#### [Data block]
%%
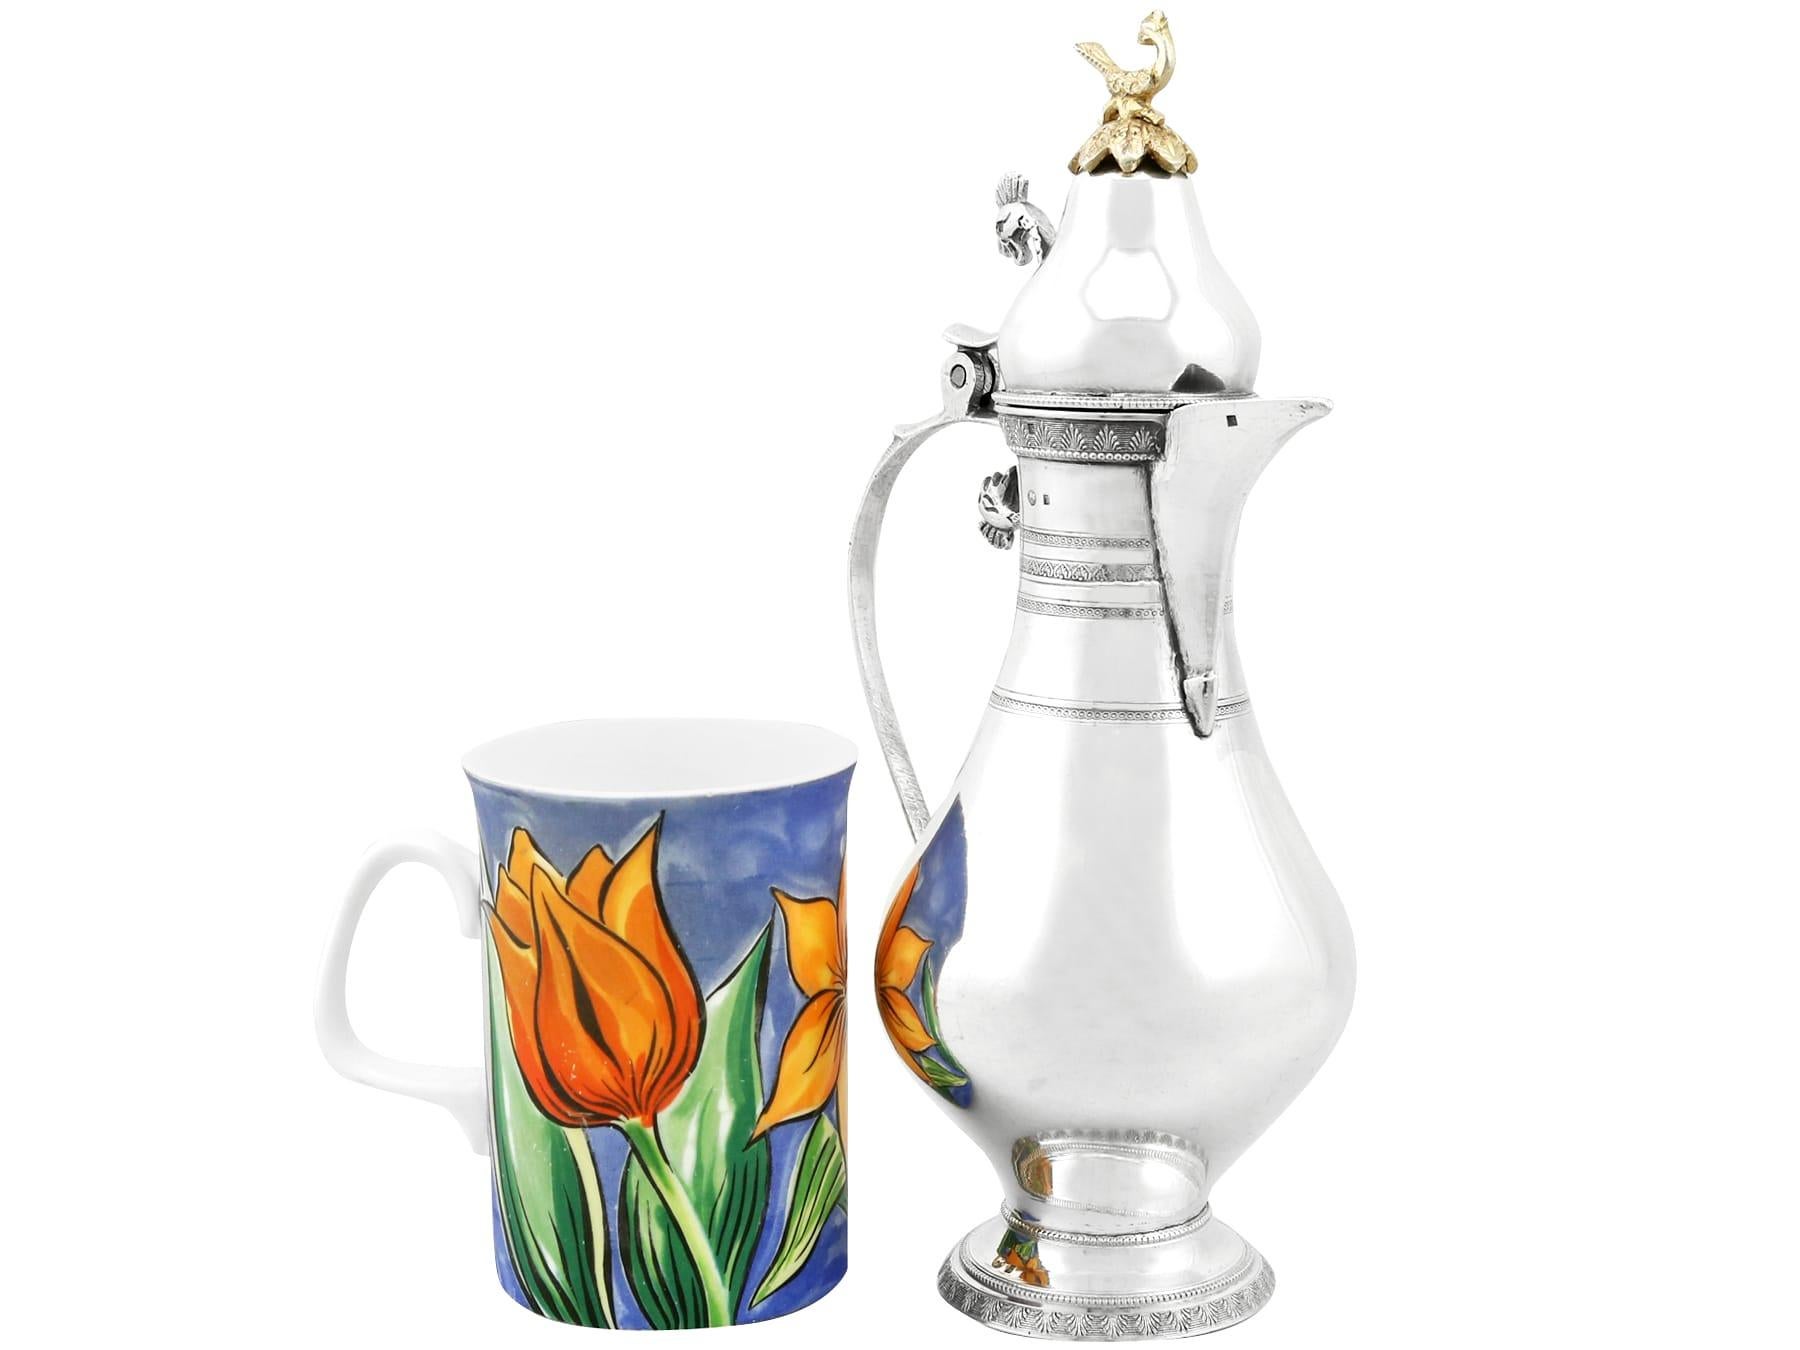 An exceptional, fine and impressive antique Turkish silver coffee jug; an addition to our silver teaware collection.

This exceptional antique Turkish silver coffee jug has a baluster shaped form to a circular spreading foot.

The surface of this
%%
#### [What this task involves]
Could you repeat all of the material exactly? Pictures should not be copied.

#### [Answer section]
 An exceptional, fine and impressive antique Turkish silver coffee jug; an addition to our silver teaware collection.

This exceptional antique Turkish silver coffee jug has a baluster shaped form to a circular spreading foot.

The surface of this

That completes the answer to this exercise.